**Exercise data:**
════

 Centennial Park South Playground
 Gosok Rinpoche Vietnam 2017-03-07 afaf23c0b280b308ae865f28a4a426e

════

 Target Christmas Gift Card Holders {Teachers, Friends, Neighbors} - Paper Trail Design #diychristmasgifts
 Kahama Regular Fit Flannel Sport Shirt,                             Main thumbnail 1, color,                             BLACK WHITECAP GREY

════

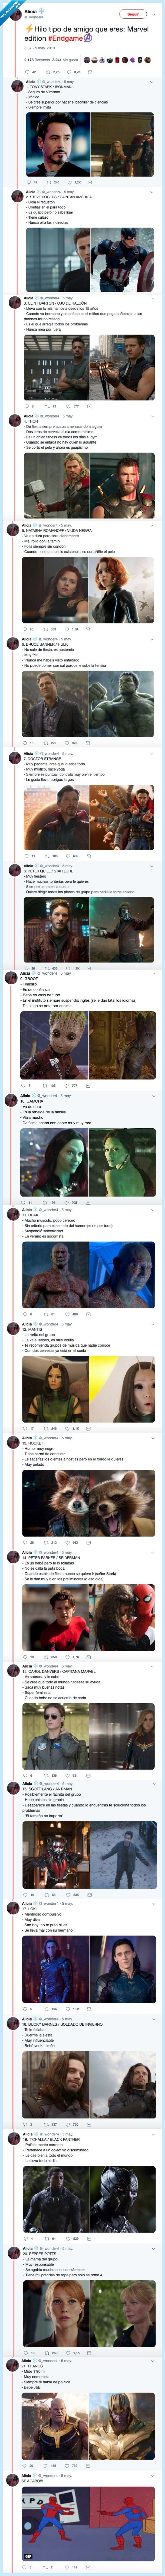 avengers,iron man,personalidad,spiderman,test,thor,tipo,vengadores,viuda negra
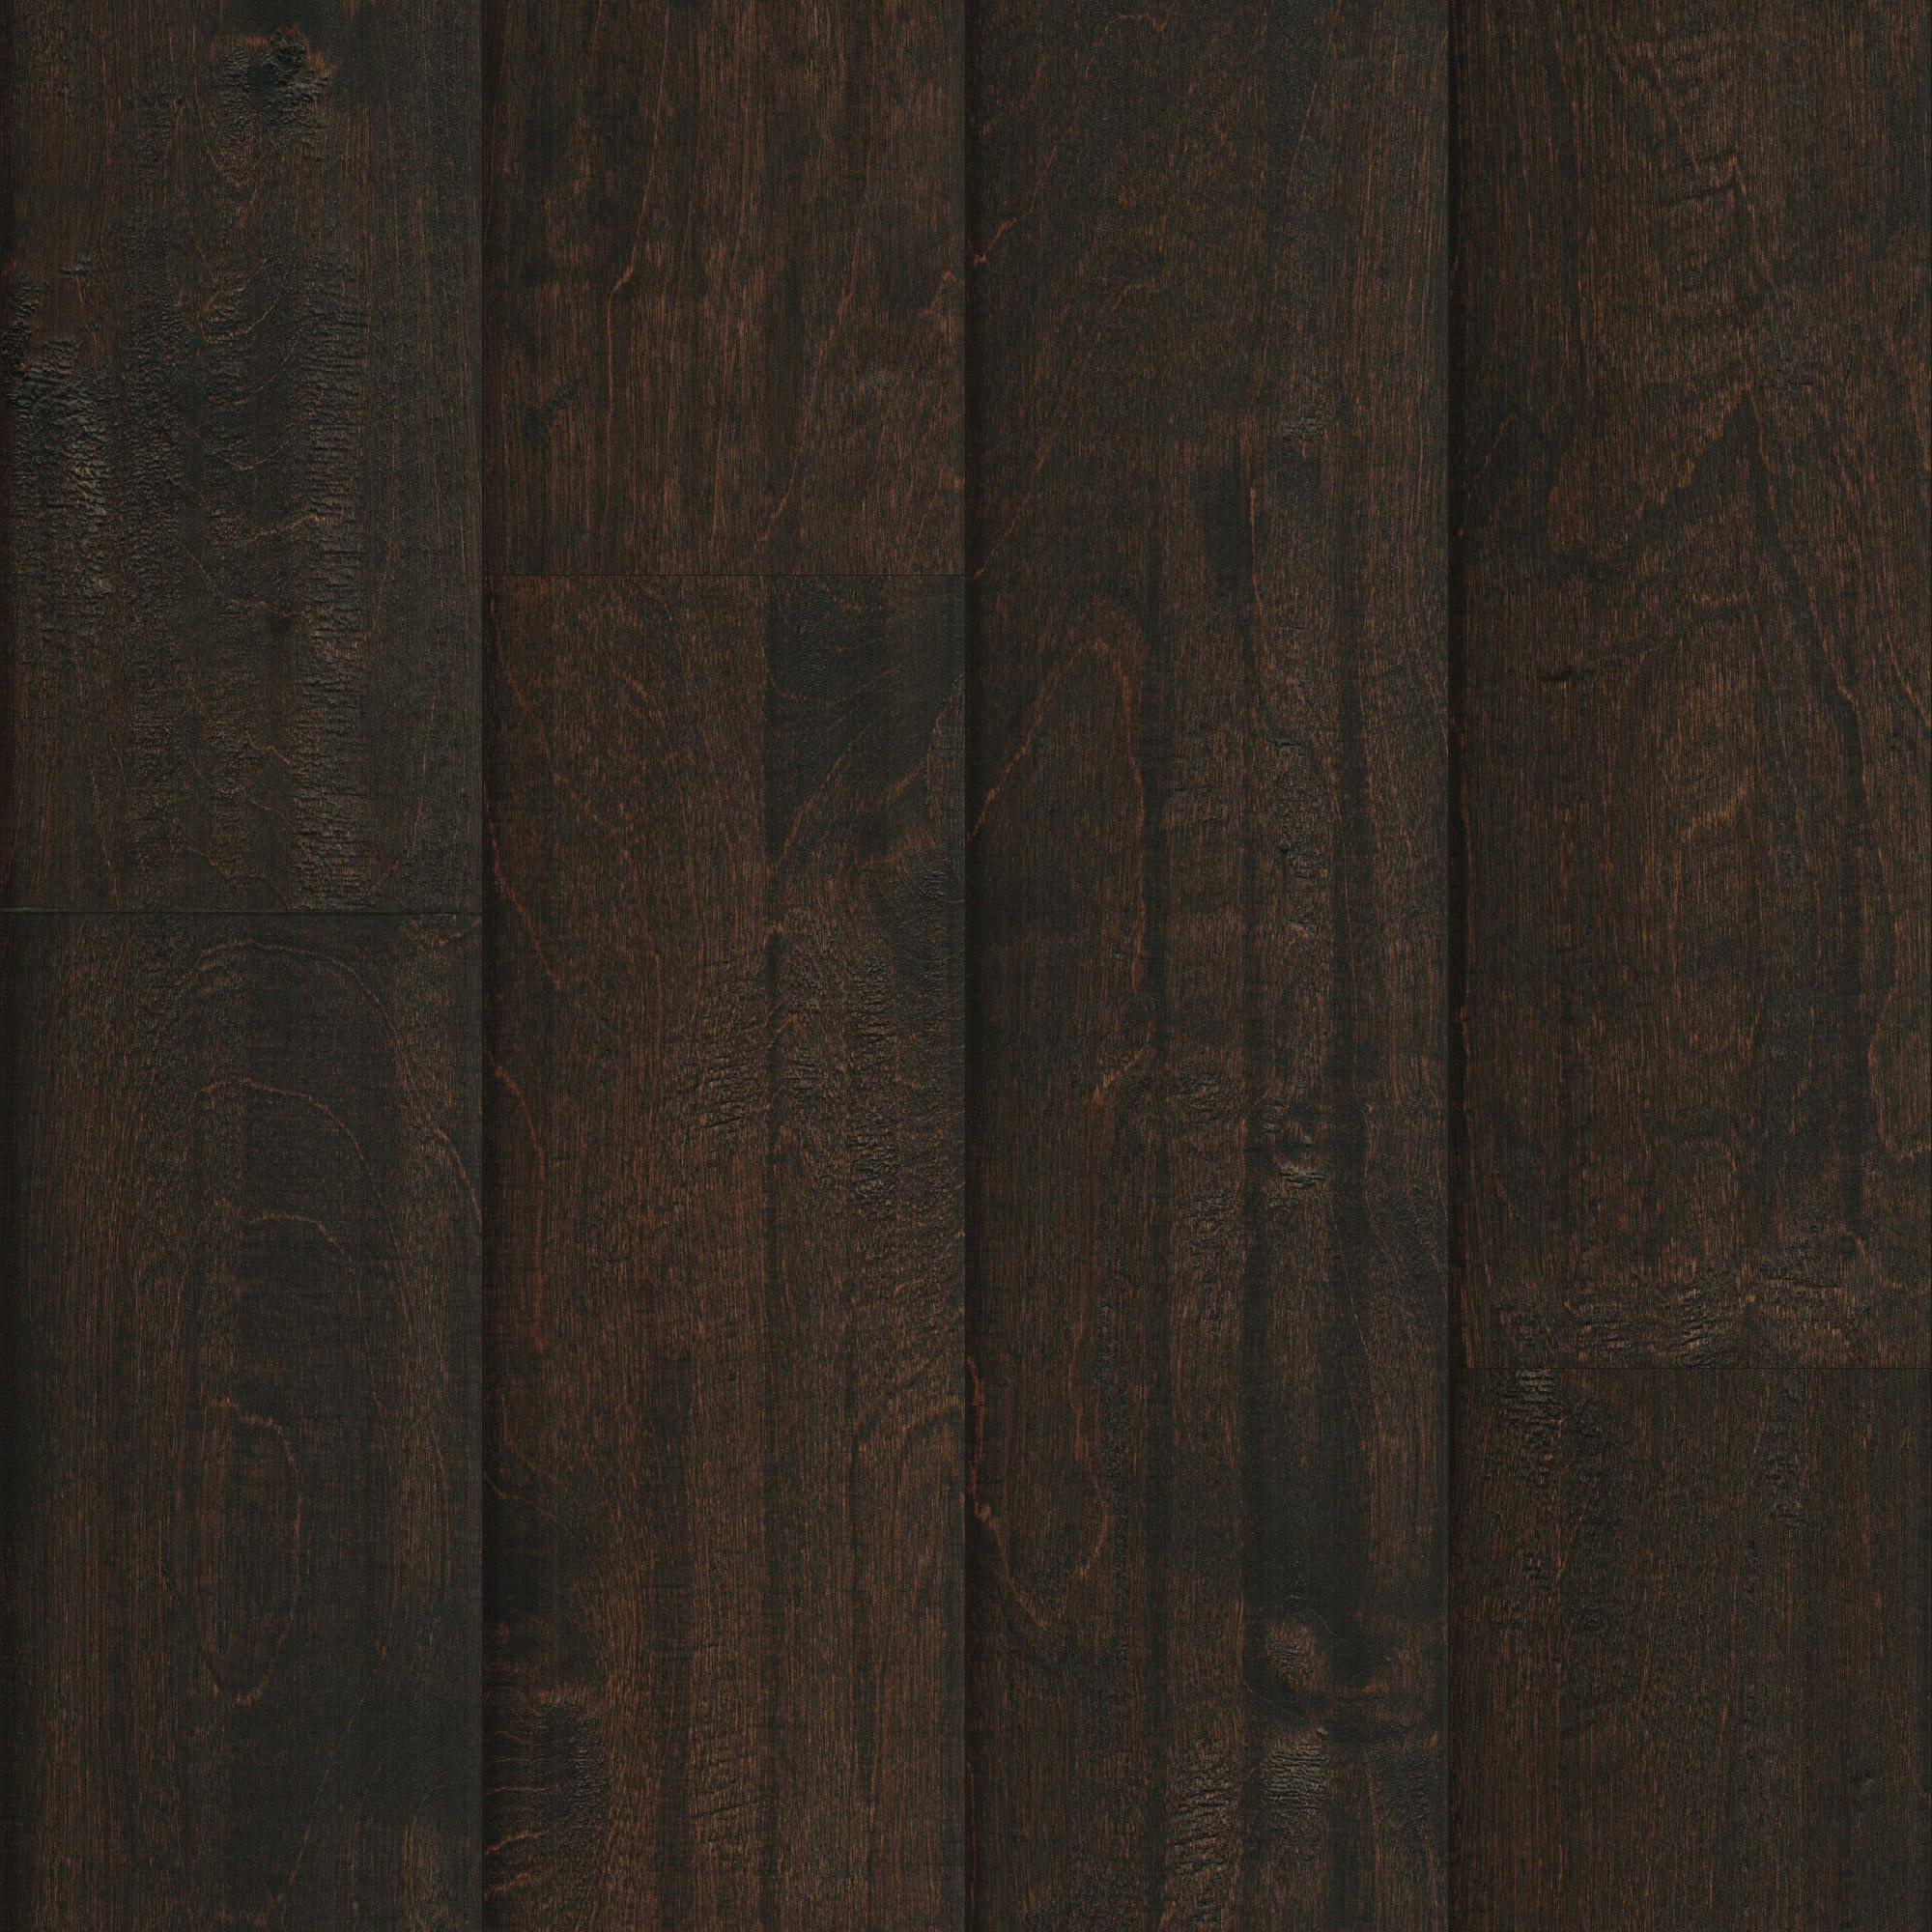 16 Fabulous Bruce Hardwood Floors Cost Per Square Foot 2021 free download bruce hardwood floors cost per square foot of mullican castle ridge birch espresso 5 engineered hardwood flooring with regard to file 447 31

════

**Your objective:** Everything above from the line with "Centennial Park South Playground" to the line with "Gosok Rinpoche Vietnam", both included, must be repeated exactly, and nothing outside that range.

**Task result:**
 Centennial Park South Playground
 Gosok Rinpoche Vietnam 2017-03-07 afaf23c0b280b308ae865f28a4a426e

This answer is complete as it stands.